ACTIVITY :: Would you print only the lines running from the one with "Preteen Camp Parent Camper image" to the final line of the data below, word for word and without pictures?

RECORDED INFORMATION ::
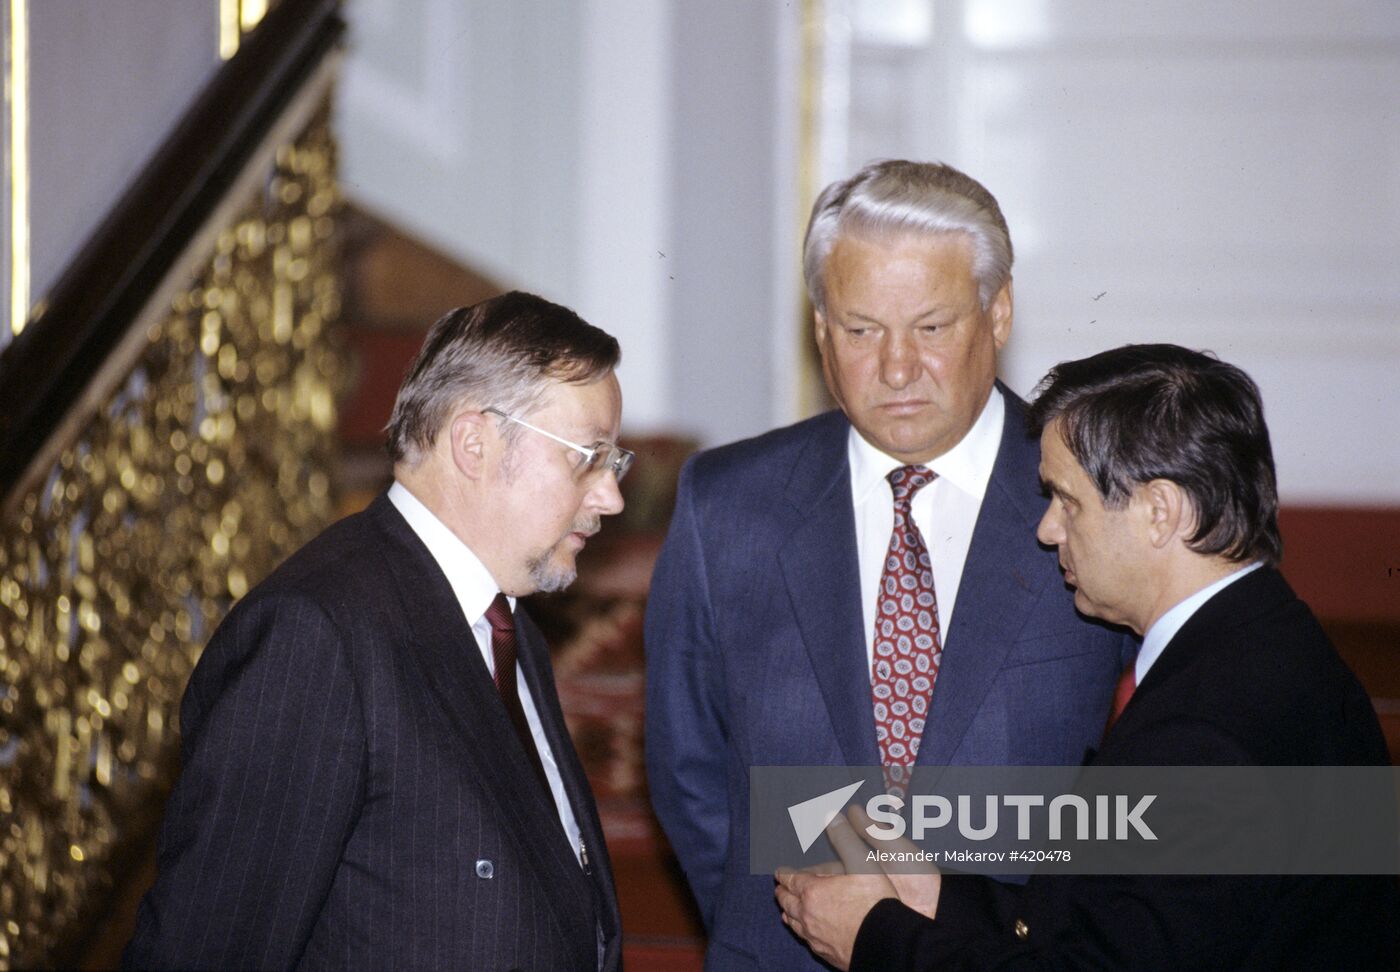 Boris Yeltsin, Vitautas Landsbergis, and Ruslan Khasbulatov
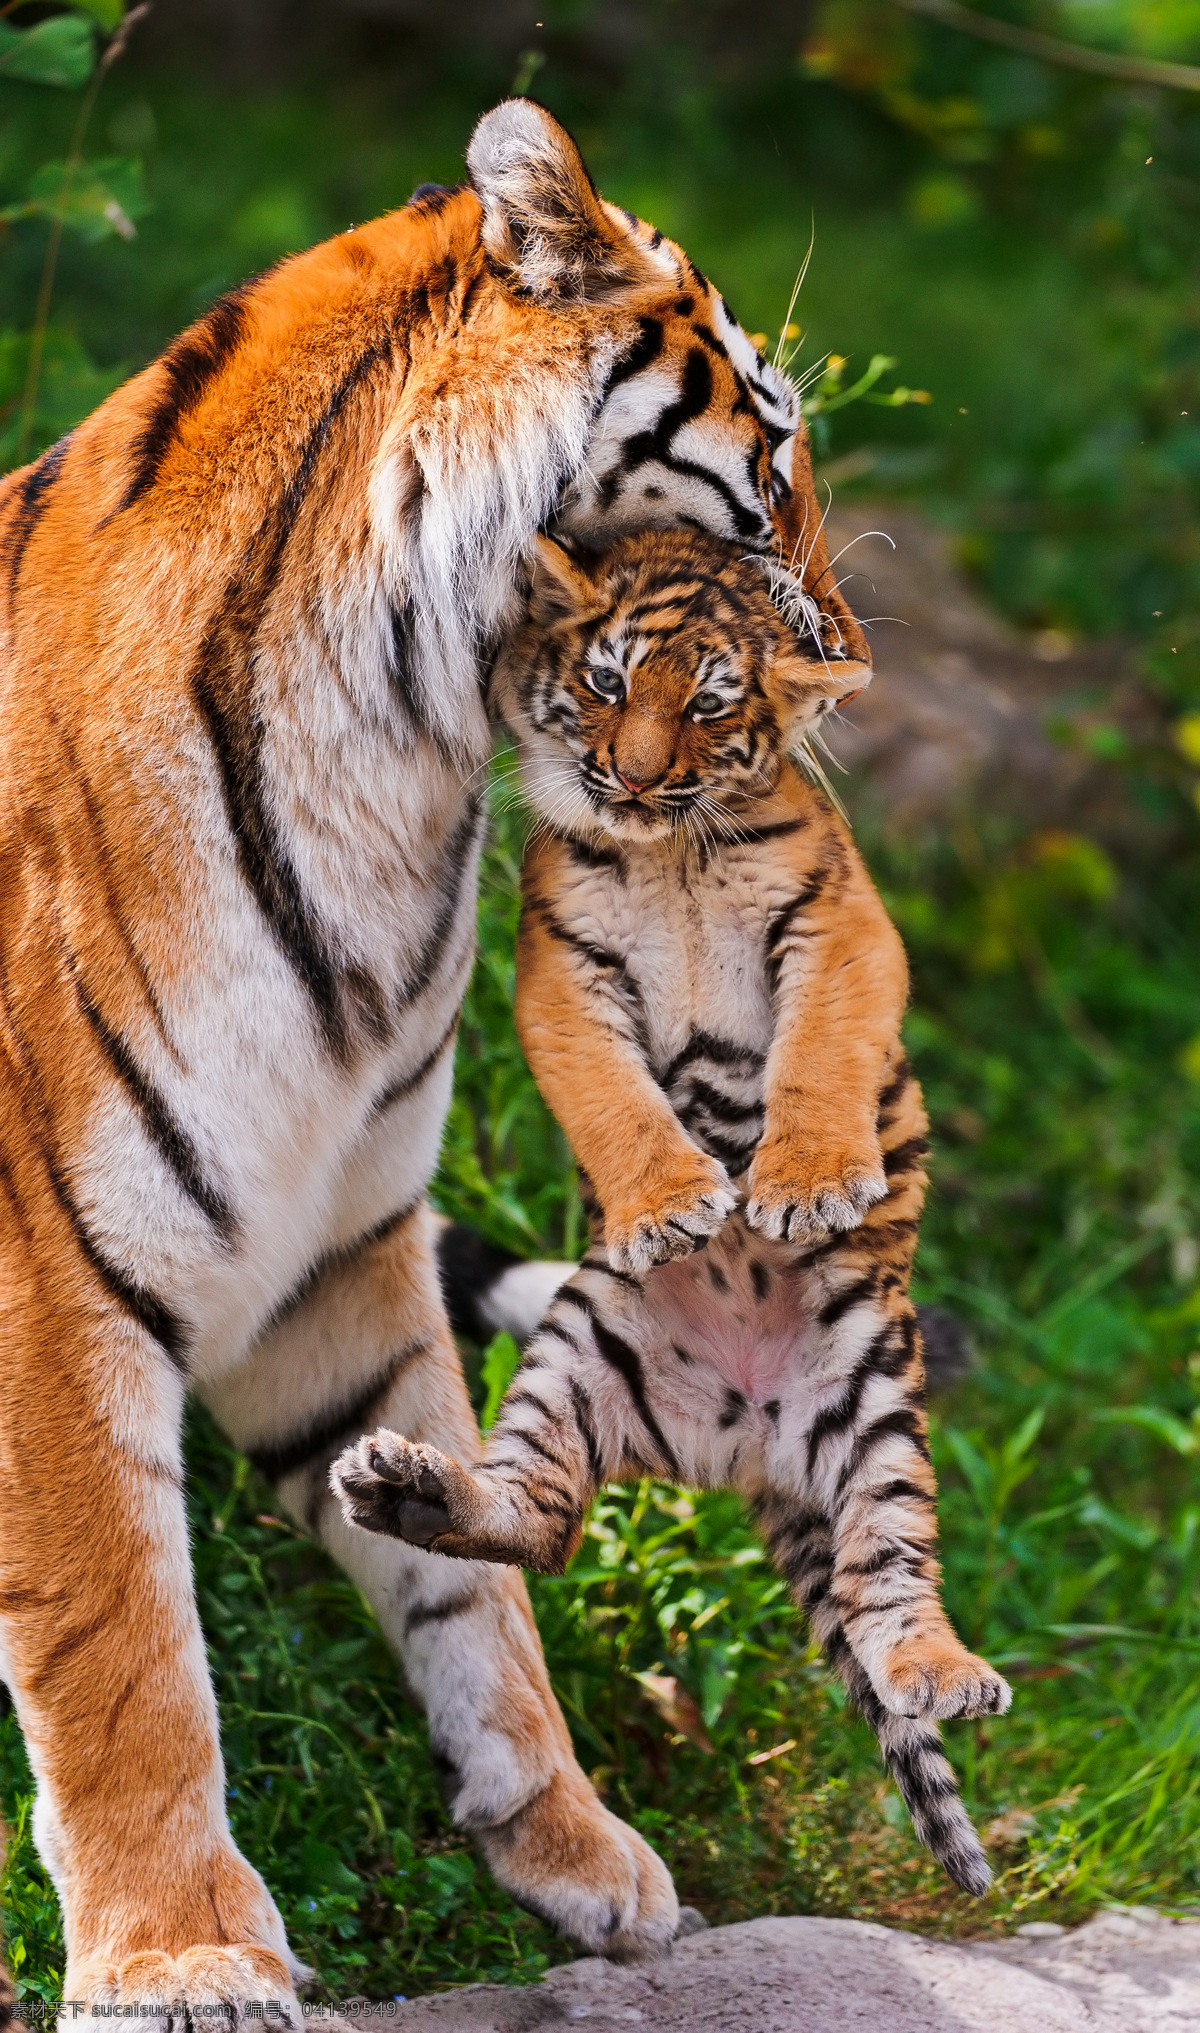 老虎 东北虎 华南虎 母子 叨着 小虎 幼虎 可爱 保护动物 哺乳动物 野生动物 生物世界
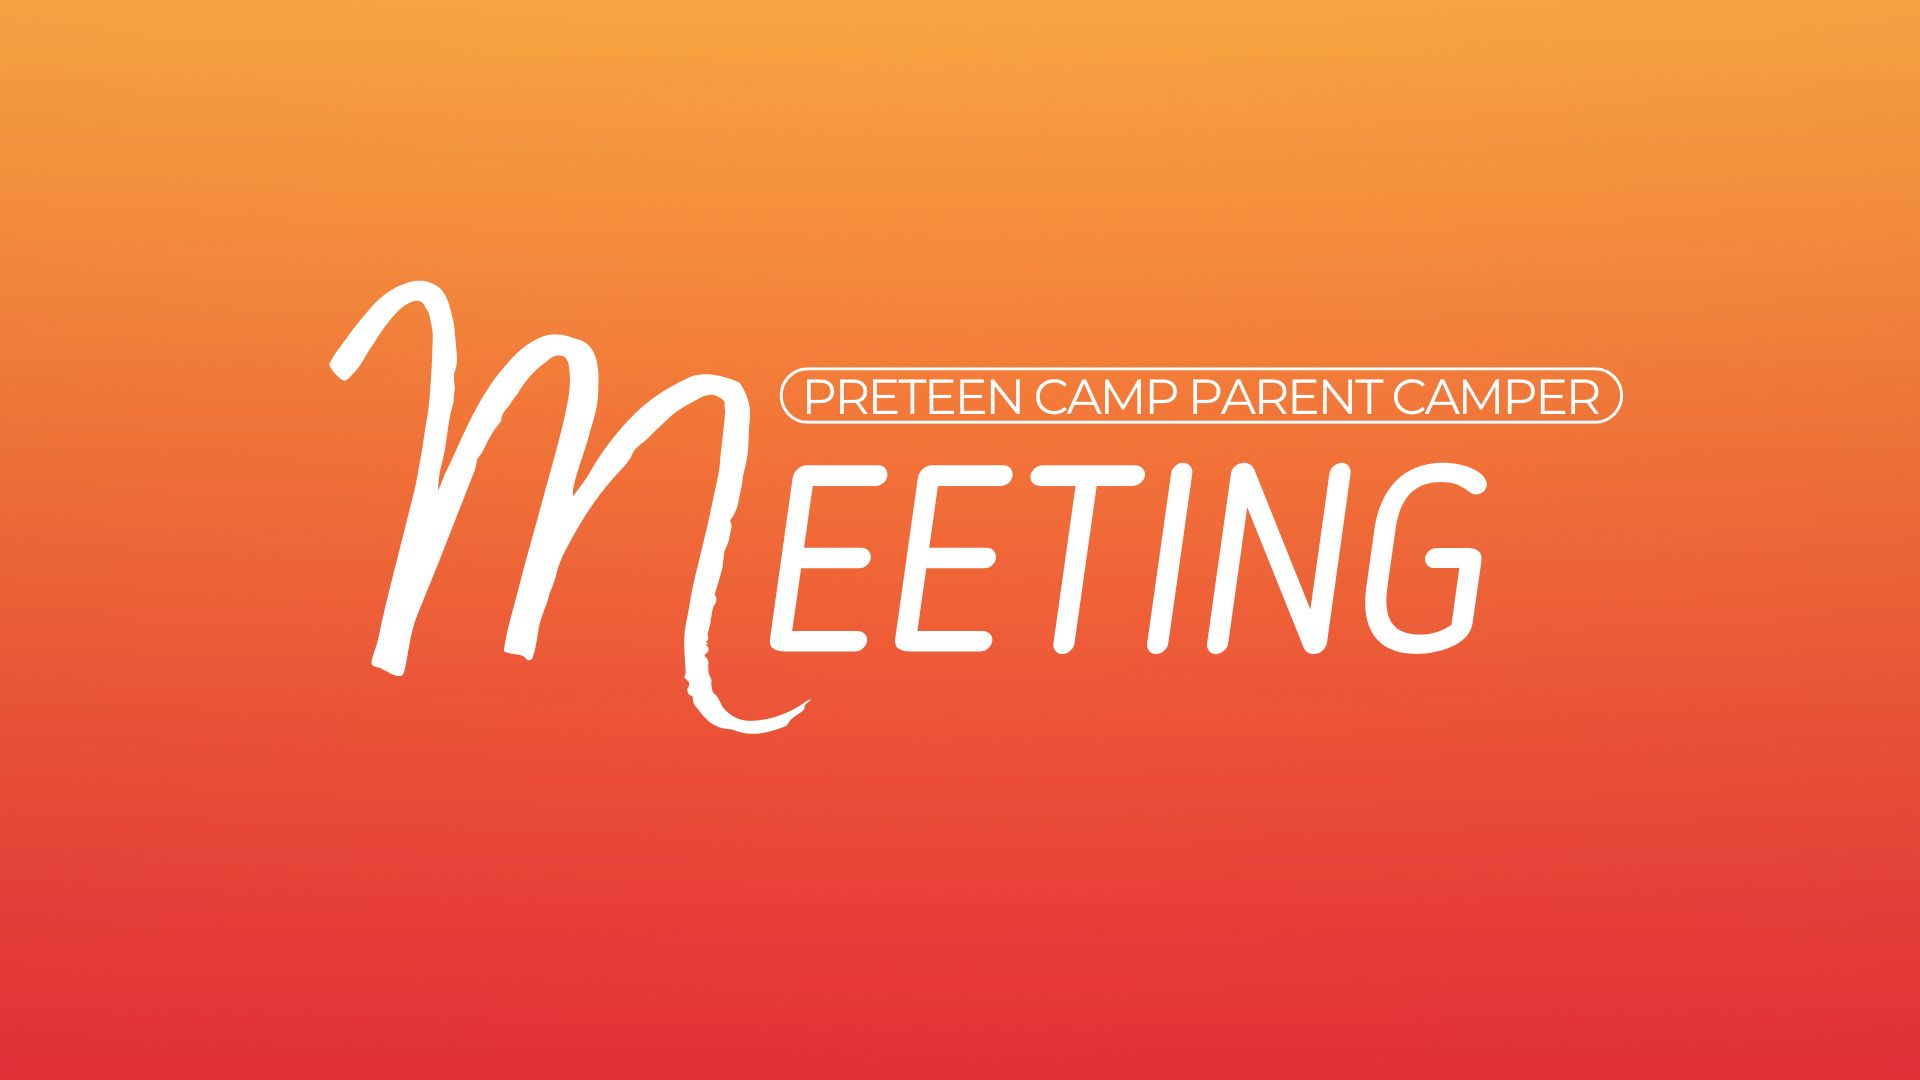 Preteen Camp Parent Camper image
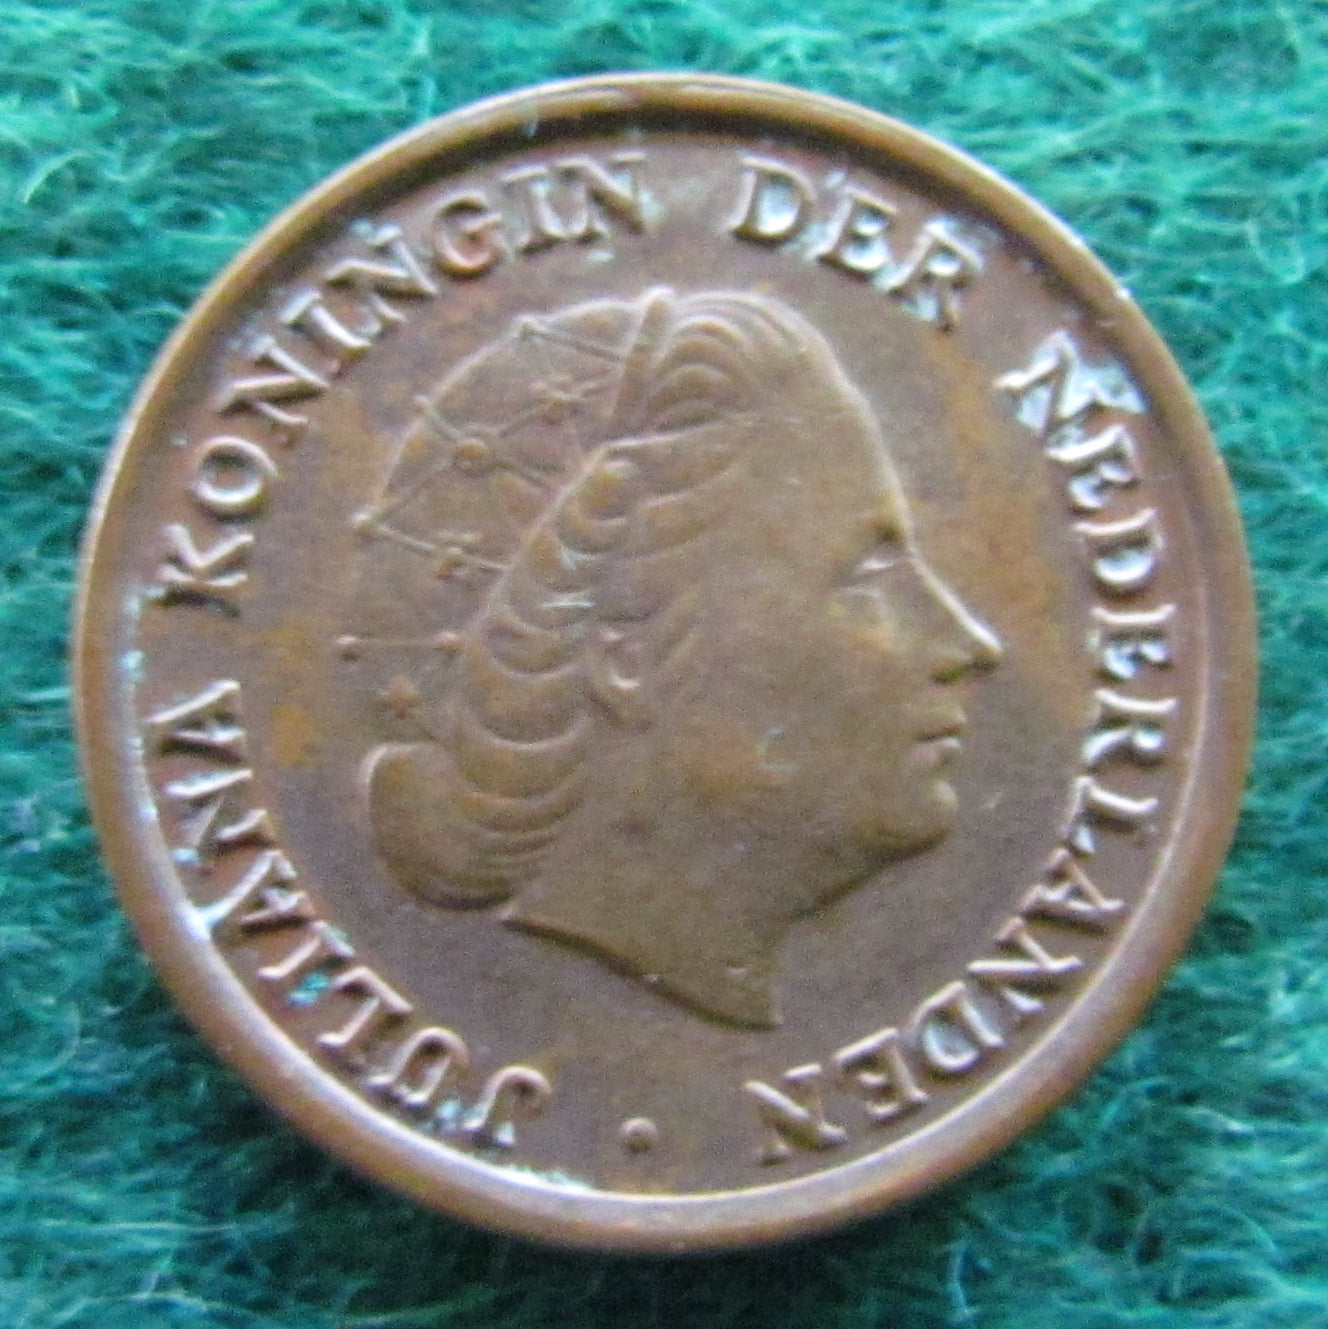 Netherlands 1963 1 Cent Juliana Coin

FINAL ANSWER ::
 Preteen Camp Parent Camper image
 Netherlands 1963 1 Cent Juliana Coin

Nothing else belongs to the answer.